Nanoparticle-mediated delivery of chemotherapy improves tumor targeting while minimizing toxicity. Doxorubicin (Dox) is a potent first-line therapy for bone metastasis, but it induces cardiotoxicity. Loading Dox into PLGA NPs decreases cardiotoxicity and improves drug pharmacokinetics, resulting in better response to therapy [118,119]. Doxorubicin loaded into Aln-conjugated PLGA NPs decreased the incidence of bone metastasis and the number of osteoclasts in the metastasis, while decreasing overall toxicity [120]. The tolerance of experimental animals to Dox was further improved by functionalizing pH-sensitive groups to NPs to induce Dox release in the acidic tumor microenvironment, thereby improving the specificity of targeting while decreasing toxicity [99]. Similarly, PLGA NPs successfully deliver paclitaxel (PTX) to bone metastases and preserve the bone [93,121]. In an intraosseous prostate-cancer model of bone metastasis, neutrally charged PLGA NPs loaded with PTX were successful in decreasing tumor growth and preventing bone loss [93]. These PTX-loaded NPs were well-tolerated, as injected mice did not lose weight compared to paclitaxel in cremophor [93]. In studies using Aln-conjugated N-(2-hydroxypropyl) methacrylamide (HPMA) copolymer to deliver PTX to treat bone metastases, tumor growth and microvessel density were significantly reduced compared to untargeted controls, without systemic toxicity. Critically, bone preservation was achieved by Aln-conjugated HPMA-mediated delivery of PTX [122,123].
The potential for NPs to provide combination drug therapy, such that multiple drugs that target different pathways in cancer progression are loaded into a single NP system, is appealing for the treatment of bone metastasis.
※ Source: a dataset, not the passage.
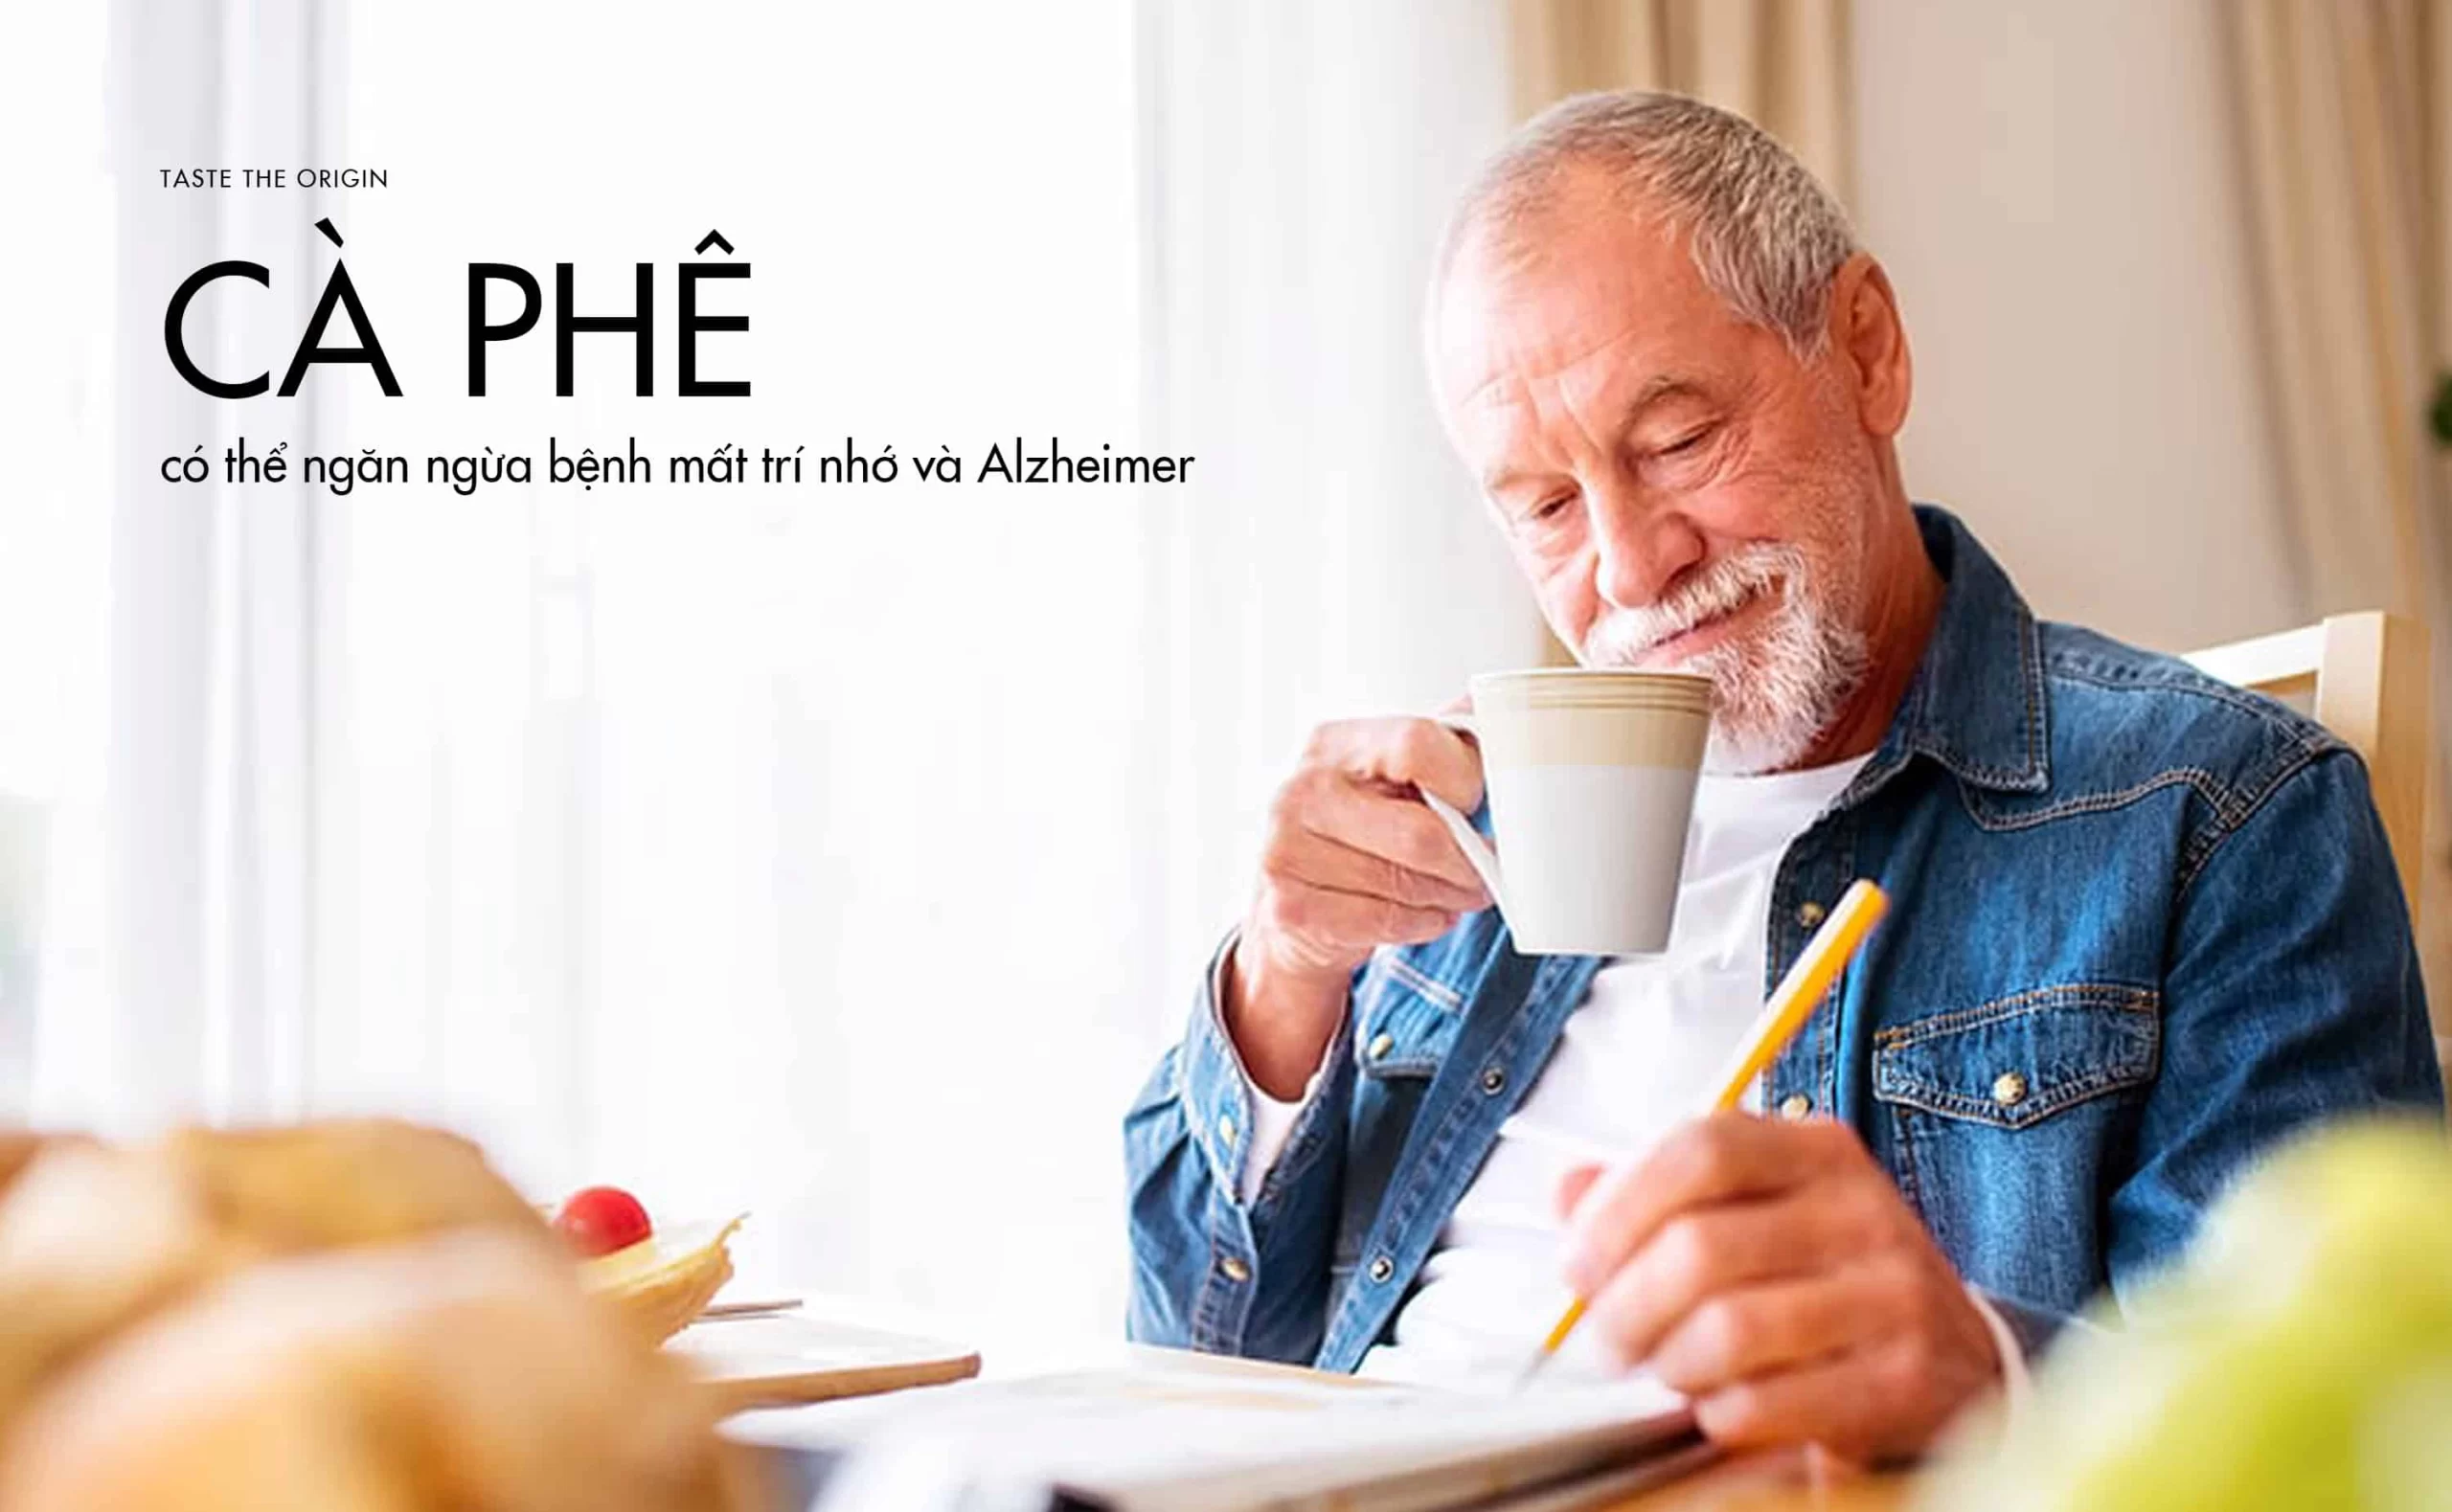 Lợi ích bất ngờ: Uống cà phê mỗi ngày có thể ngăn ngừa bệnh mất trí nhớ và Alzheimer

For example, codelivery of curcumin (an inhibitor of osteoclasts) and bortezomib (a protease inhibitor) by PLGA NPs inhibited the progression of bone metastases and protected against bone loss due to osteoclast activity [96]. In this study, dual curcumin and bortezomib-loaded NPs were more effective at inhibiting tumor growth and osteolysis than NPs loaded with either drug alone [96]. Another excellent application of combination therapy is the codelivery of Silibinin, an inhibitor of EMT, and α-tocopherol, an antioxidant, in solid lipid NPs to decrease the incidence of bone metastasis [124].
Inorganic NPs have also been employed to deliver chemotherapeutics to bone metastases with the goal of decreasing osteoclast function. Inorganic mesoporous silica NPs targeted to the bone with Zol efficiently deliver plumbagin, a natural compound that targets the JNK/ERK pathway, to decrease cancer-mediated osteoclast formation, and hence reduce bone loss [125]. To improve site-specific drug release and decrease toxicity, the mesoporous silica NPs were further modified to be pH-sensitive to release plumbagin only in the acidic tumor microenvironment [98].
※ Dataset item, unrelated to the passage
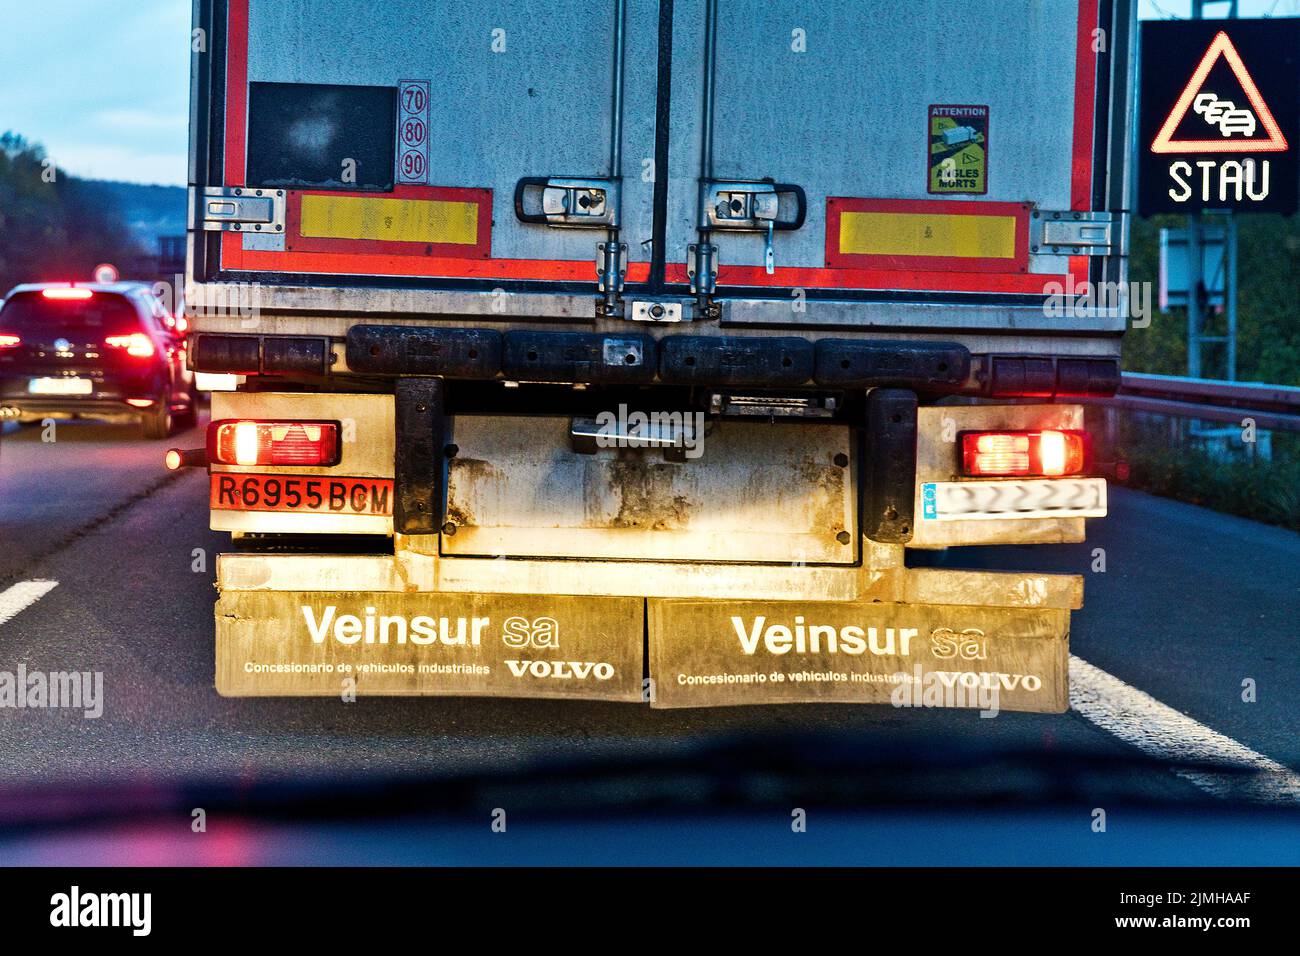 Fermeture complète sur l'autoroute A1, vue de la voiture, Wuppertal, Rhénanie-du-Nord-Westphalie, Allemagne Banque D'Images

4.2. Nucleic Acid Delivery

Dysregulation and lack of epigenetic control of essential genes is a hallmark of cancer progression and metastasis. As such, RNA interference is a powerful tool for suppressing the expression of oncogenes with high specificity to improve patient survival. Similarly, reactivation of tumor-suppressor genes in cancer cells promotes their response to other therapies. A key challenge to the application of nucleic acids as therapy is their rapid degradation by nucleases or their stimulation of the immune system [126,127]. Due to their inherent negative charge and large molecular weights, nucleic acids also show little uptake into target cells, which is critical for their function. Encapsulation or complexation of nucleic acids with different nanotechnology platforms improves stability, decreases immunogenicity, and enhances their delivery to cells of interest. Importantly, these NP systems, which generally are cationic or possess targeting ligands to enhance the uptake of nucleic acids into target cells, are key enabling technologies for the therapeutic use of nucleic acids in cancer [126,127,128].
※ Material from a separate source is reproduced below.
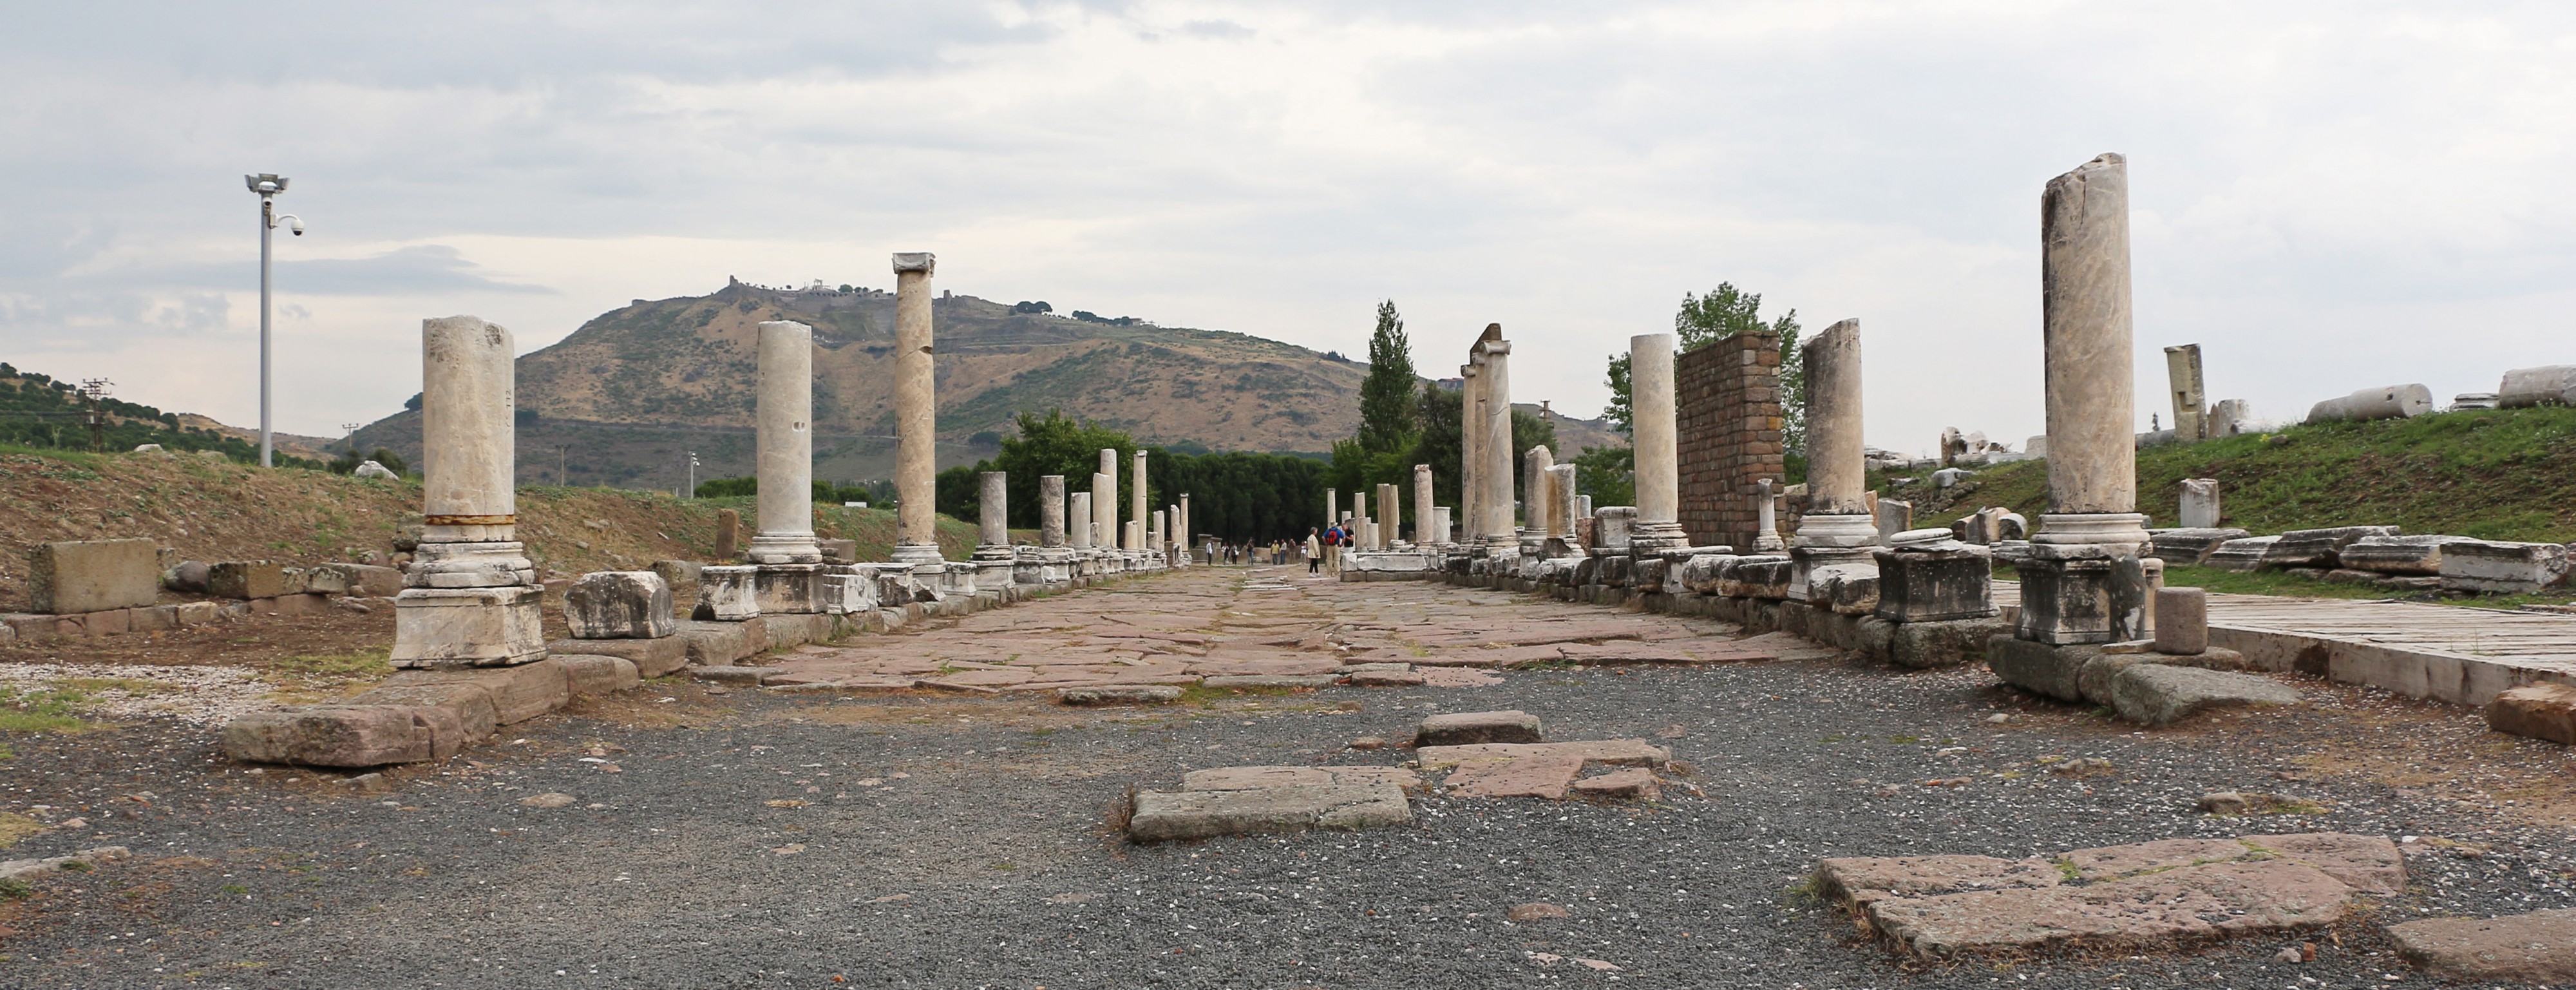 Via Tecta in Pergamon Asclepium

Nanoparticle-mediated delivery of short interfering RNA (siRNA) can inhibit different aspects of the bone metastasis process after both local and systemic injection. Local injection of PLGA NPs loaded with siRNA against osteopontin and bone sialoprotein decreased the incidence of bone metastasis and bone lesion size compared to free siRNA delivered via an osmotic pump in an intraosseous bone-metastasis model. Interestingly, even at a lower dose, siRNA in NPs showed greater uptake and results in greater knockdown of the osteopontin and bone sialoprotein genes compared to free siRNA [129]. In addition to improving gene knockdown, NP-mediated delivery of siRNA protects the siRNA from immune attacks. Atelocollagen-mediated delivery of siRNA decreased siRNA immunogenicity and reduced the systemic production of interleukin 12 or interferon gamma after intravenous injection compared to free siRNA [130]. Complexing of siRNAs targeted to the zeste homolog 2 and phosphoinositide 3′-hydroxykinase p110-α-subunit to atelocollagen effectively knockdown the genes and decrease the incidence of bone metastases after intracardiac injection of bone metastatic prostate-cancer cells [130].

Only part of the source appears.